Sunday 14 October 2012

Dead Man's Cell Phone

"We are in a perpetual state of mourning." This line is uttered in one of the play's monologues, commenting on the tendency of people today to wear black for all occasions. Of all quotations, this is the one that stood out the most to me. There is a truth to it that is apparent nowhere more than in a play that explores our increasingly complex relationship with life and death.

Sarah Ruhl's Dead Man's Cell Phone opened the Persephone Deep End series for this year, continuing the tradition of dark, edgy, and slightly experimental theatre. We open with a dead man slumped over in a cafĂ©, with his cell phone ringing. Kristina Hughes plays Jean, the well-meaning woman who happens upon this scene and, seeing a problem, resolves it the best way she can: by answering the phone. In this small act, she becomes inextricably bound with the dead man, Gordon, becoming his executor of sorts, taking responsibility not only for spreading news of his death through the Cloud but also for the emotions of those close to him. In trying to comfort Gordon's loved ones (so to speak) Jean ends up constructing a convoluted web of lies, fabricating her own relationship with this man whom she really knows nothing about. The dead man's cell phone becomes a crutch for her, an addiction, although she cannot say exactly why.

For the entire duration of the play, I had one lingering question in my mind: Why am I the only one laughing? Indeed, I still can't say for certain, but I will say that I should not have been. Jeffrey Pufahl's direction played up the darkly comic aspects of the script brilliantly, and was assisted in no small part by Kristina Hughes' sense of timing. There is a harsh juxtaposition between the darkness of the subject matter and the hilarity of some of the interactions, but that in turn just makes it funnier. One particular scene where Jean tries to comfort Gordon's family by presenting them with "gifts" that Gordon left them was one of the funniest things I've seen in the theatre in recent memory; the incredibility of Jean's story is made more absurd by how readily accepted it is by everyone else (I was also sitting right in front of Jeffrey Pufahl during preview, so I can only assume that he appreciated my hearty reaction).
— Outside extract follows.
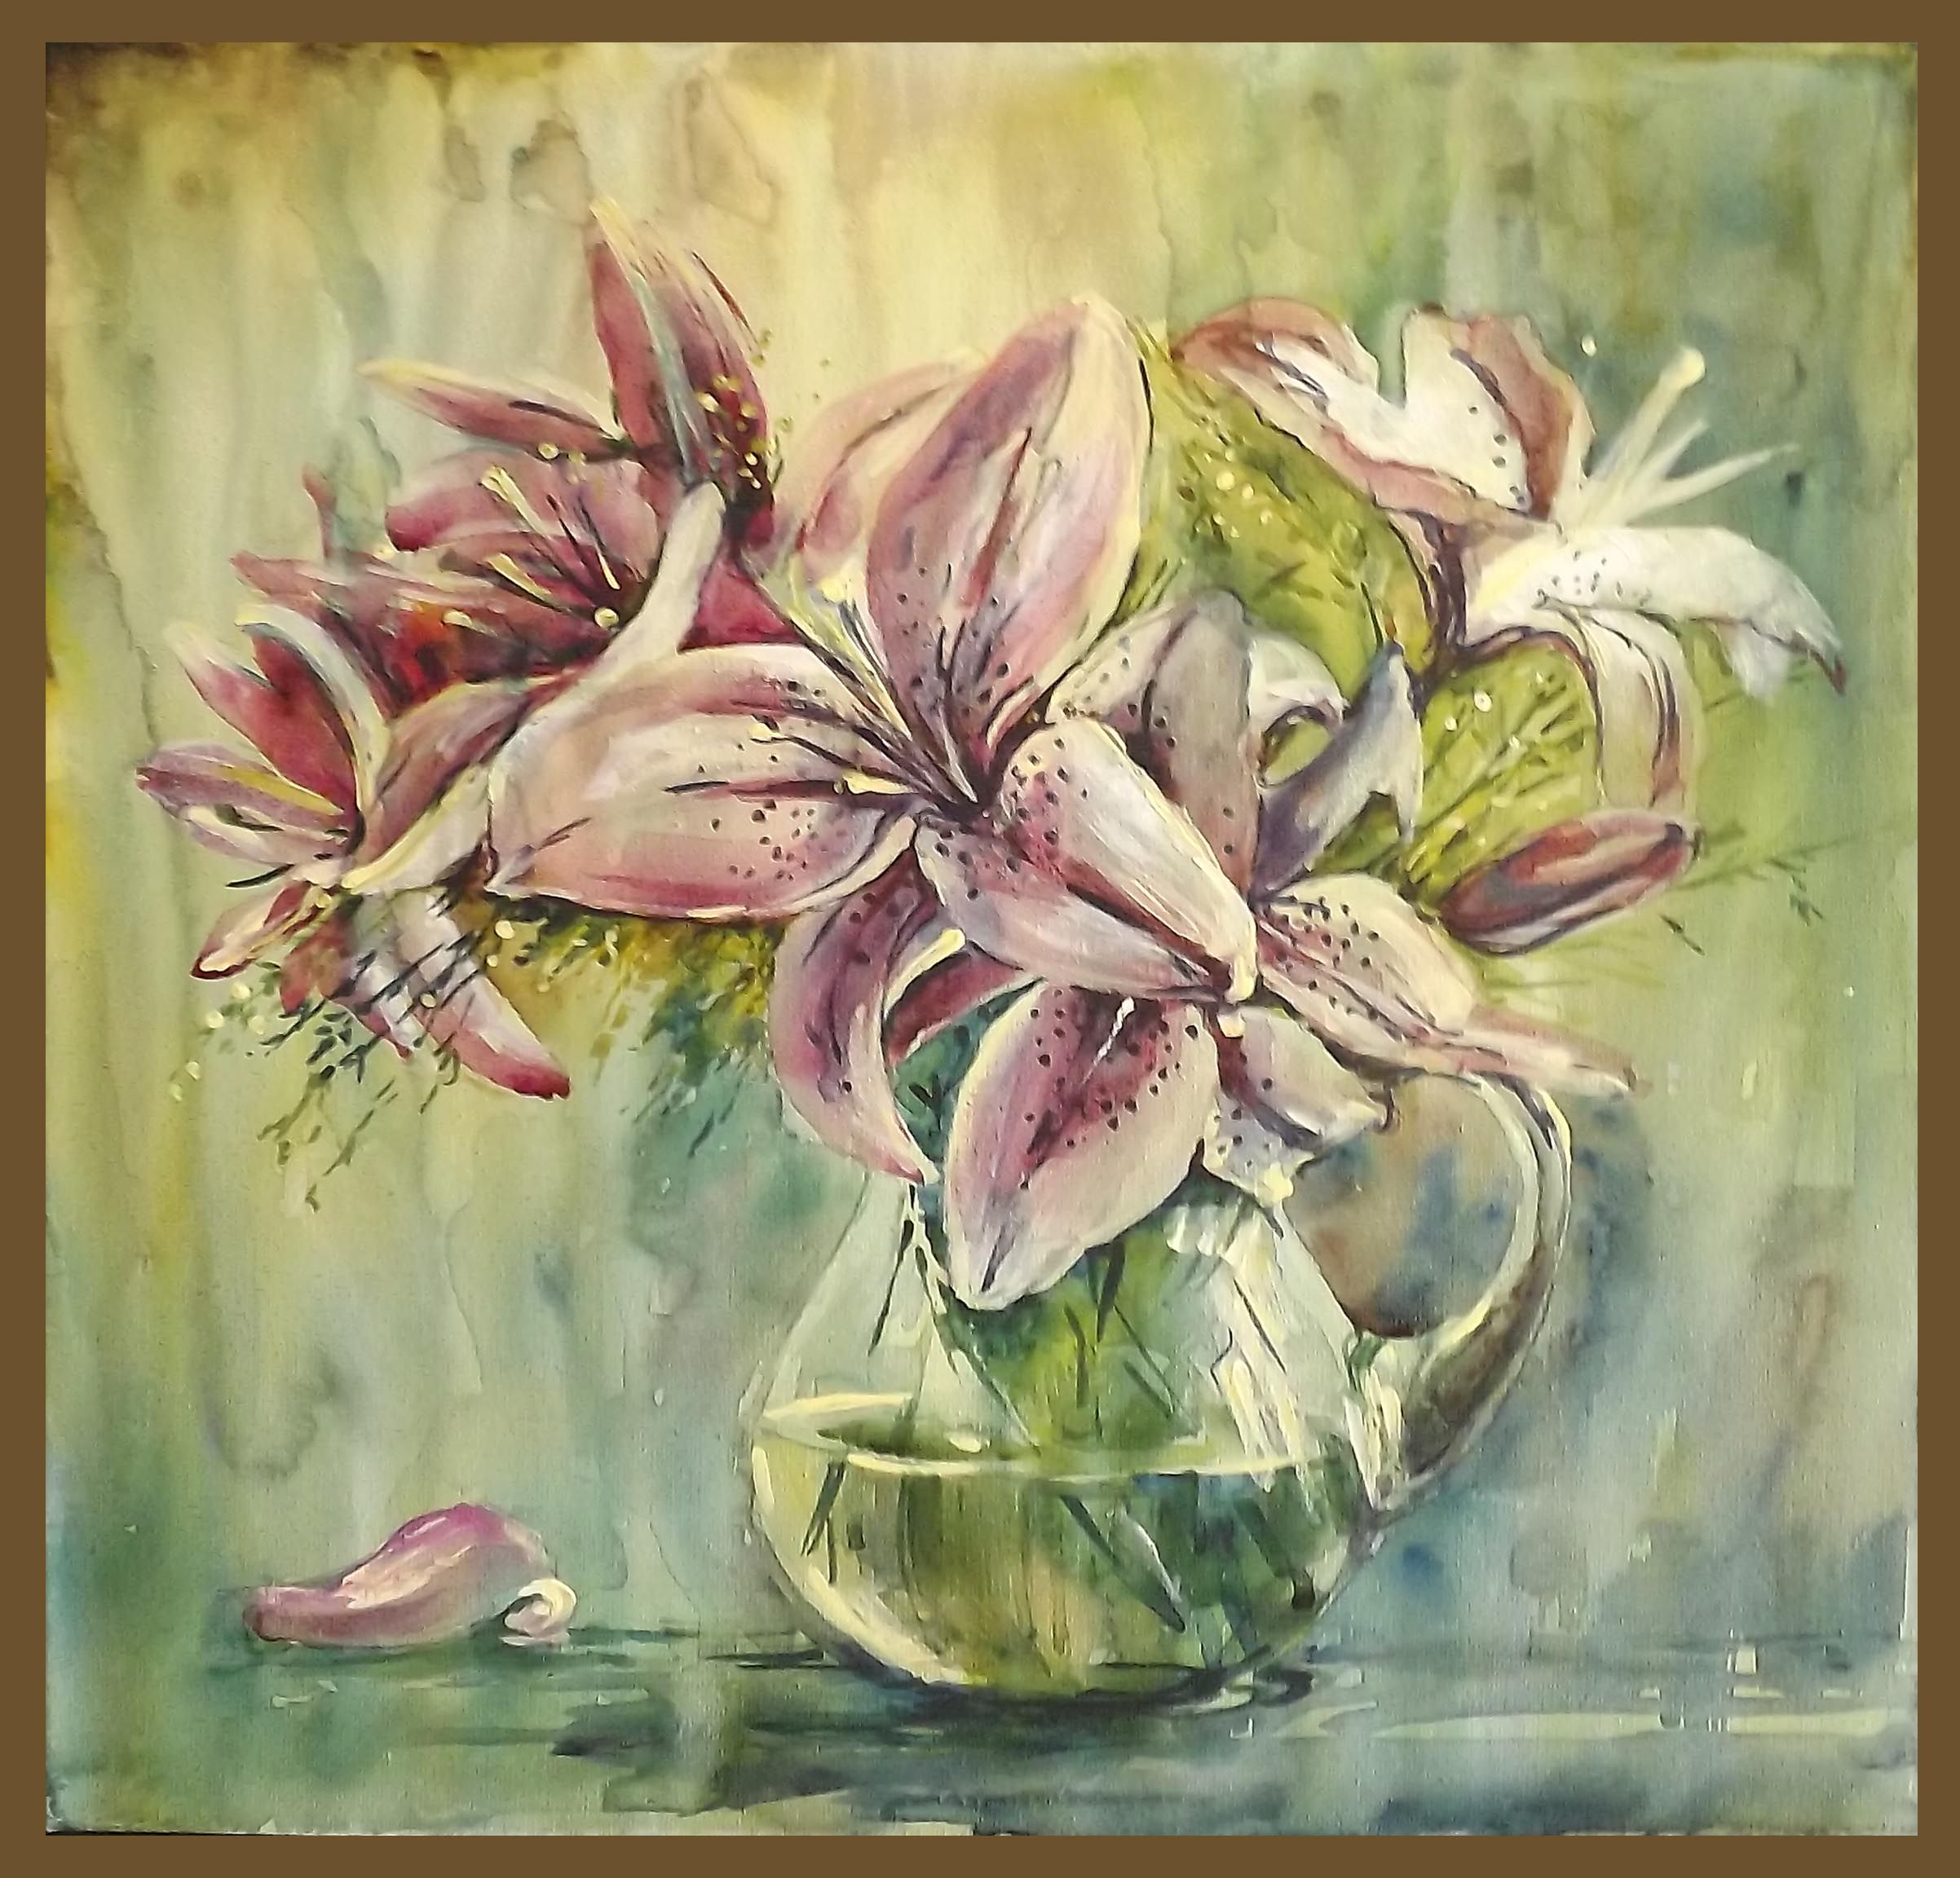 Лилии в стеклянной вазе | Картины, Живопись, Лилии

Dead Man's Cell Phone is a triumph of modernist storytelling. Instead of trying to probe the human mind in spite of growing technology, it pulls the veil off how our lives (and deaths) are shaped by those devices with which we surround ourselves. Although Gordon expires before the play opens, his cell phone carries on; and because of that lifeline, he continues to live and grow in the hands of Jean, becoming a better person than he ever was before. Through Jean's growing obsession with the cell phone, the play becomes a story about how we strive to connect with people through technology, but those connections are never completely honest. But then the play starts to go somewhere different, and shortly after coming back from intermission I got a creeping sensation that we were headed toward and unsatisfying conclusion. We were. The play spins off into corporate intrigue, then metaphysical moralising. By the time we reach the end, it feels we've come a long way from the theme with which we started. The actors carry through very well, but the script loses direction.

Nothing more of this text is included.